[PROBLEM DESCRIPTION] From the first line to the last, please reproduce the material exactly, skipping the pictures.

[DATA SECTION]
+ + + + +
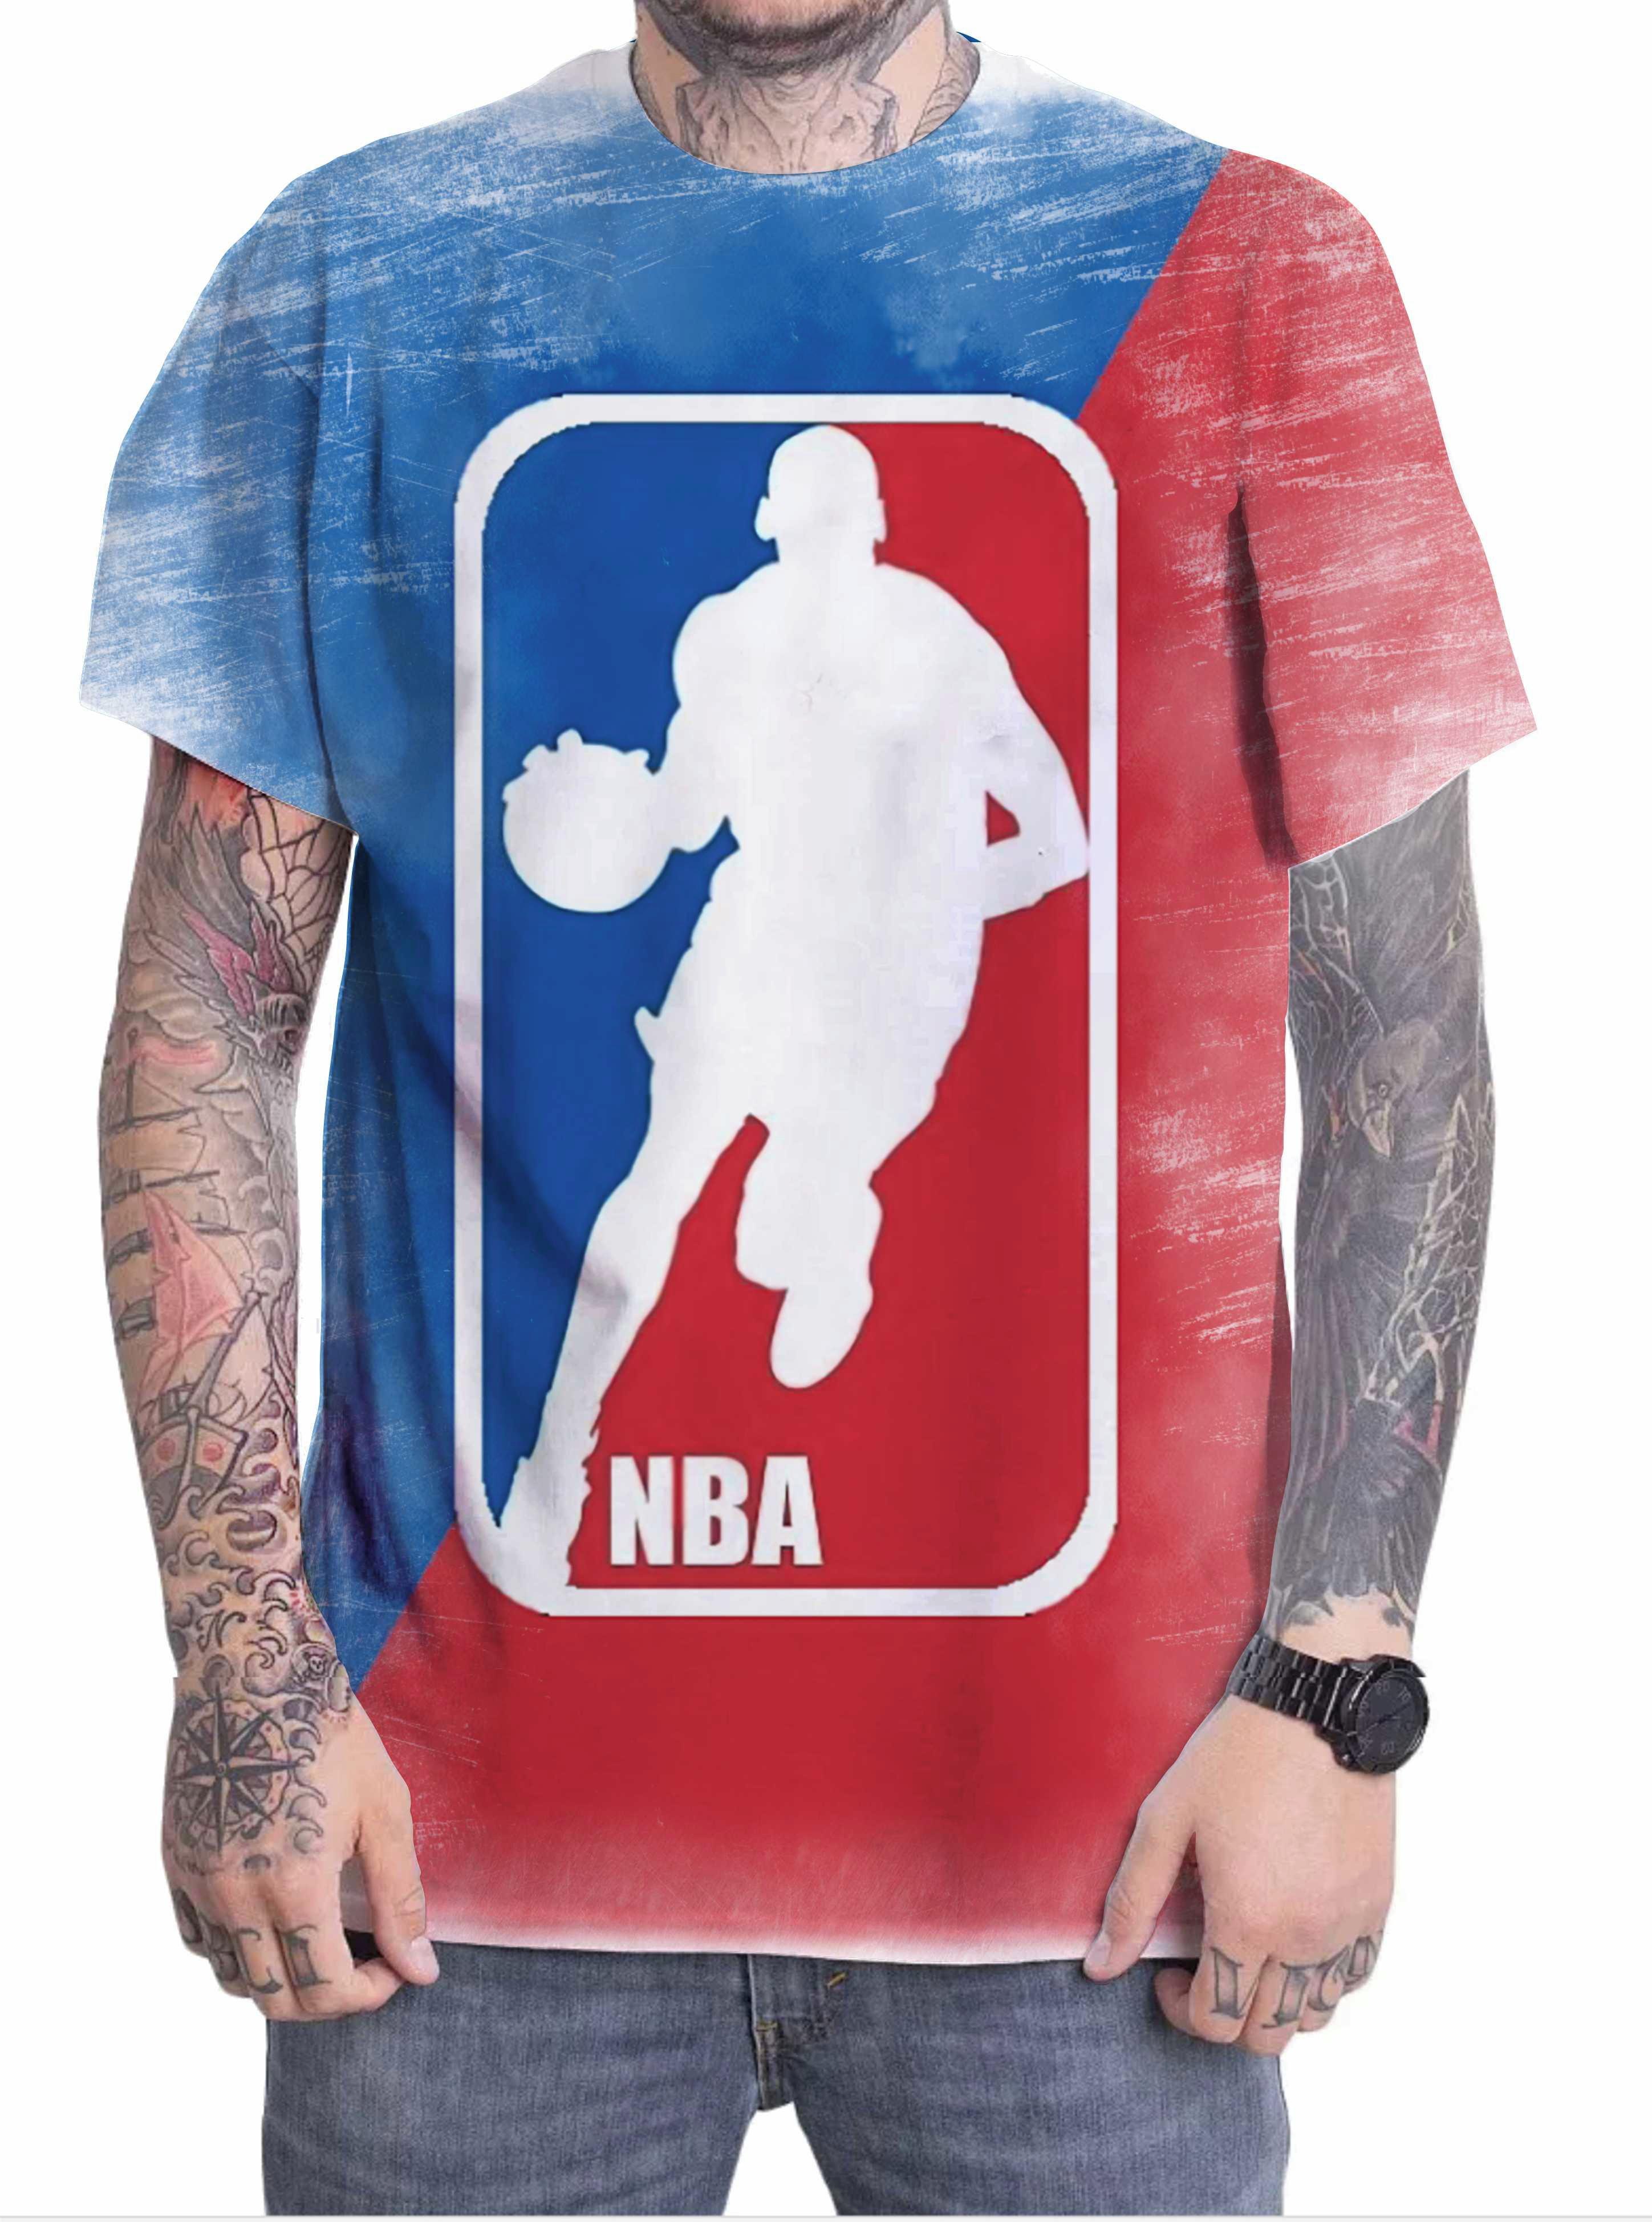 2848daaeb Camiseta Chicago Bulls Nba A3
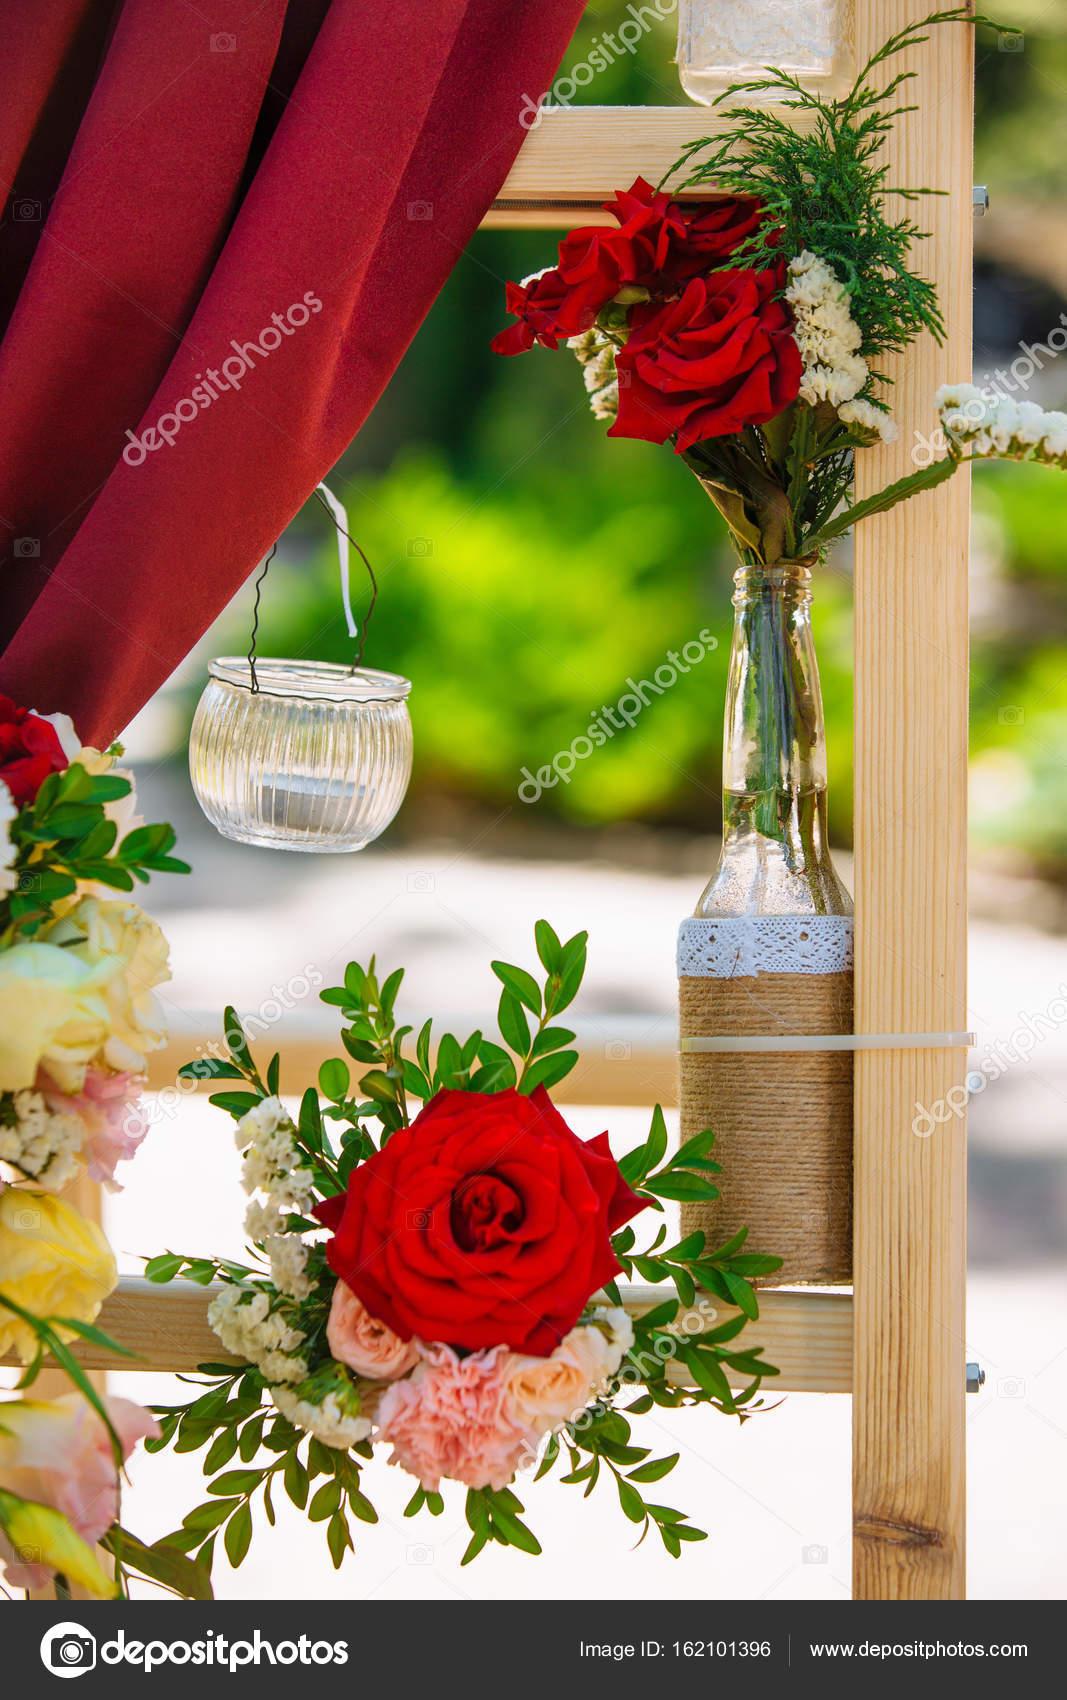 c74d31e79a1a Διακοσμήσεις γάμου. Πανηγυρική τελετή. Γάμος αψίδα. Ντεκόρ. Λεπτομέρειες–  εικόνα αρχείου
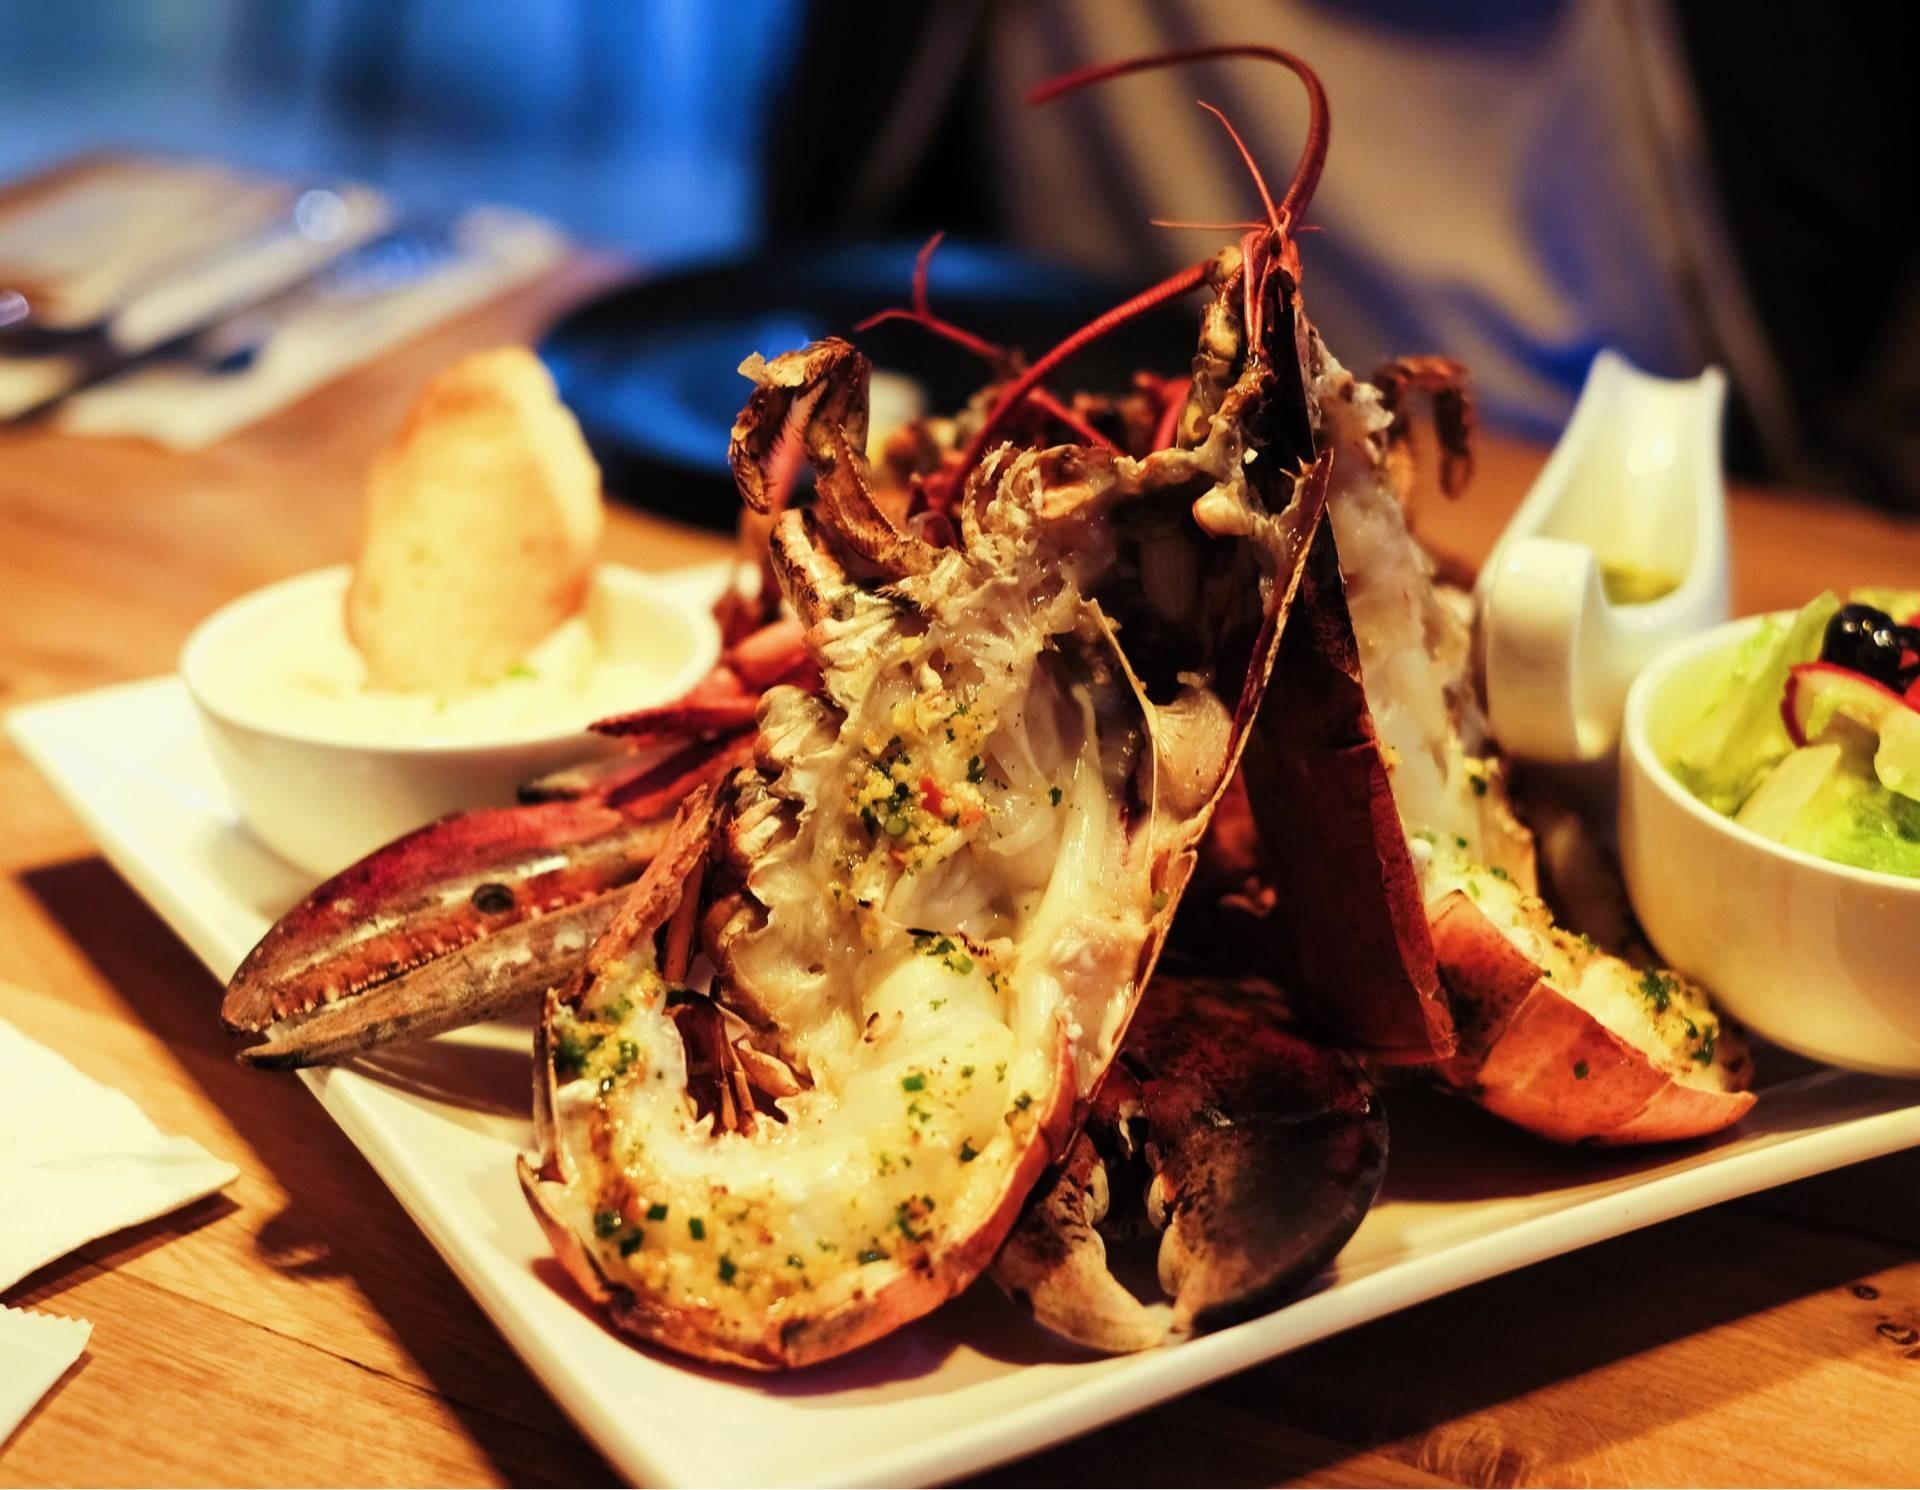 Marian by Lobster and Oyster ทองหล่อ 13 ทองหล่อ 13
+ + + + +
[ANSWER TO THIS EXERCISE]
 2848daaeb Camiseta Chicago Bulls Nba A3
 c74d31e79a1a Διακοσμήσεις γάμου. Πανηγυρική τελετή. Γάμος αψίδα. Ντεκόρ. Λεπτομέρειες–  εικόνα αρχείου
 Marian by Lobster and Oyster ทองหล่อ 13 ทองหล่อ 13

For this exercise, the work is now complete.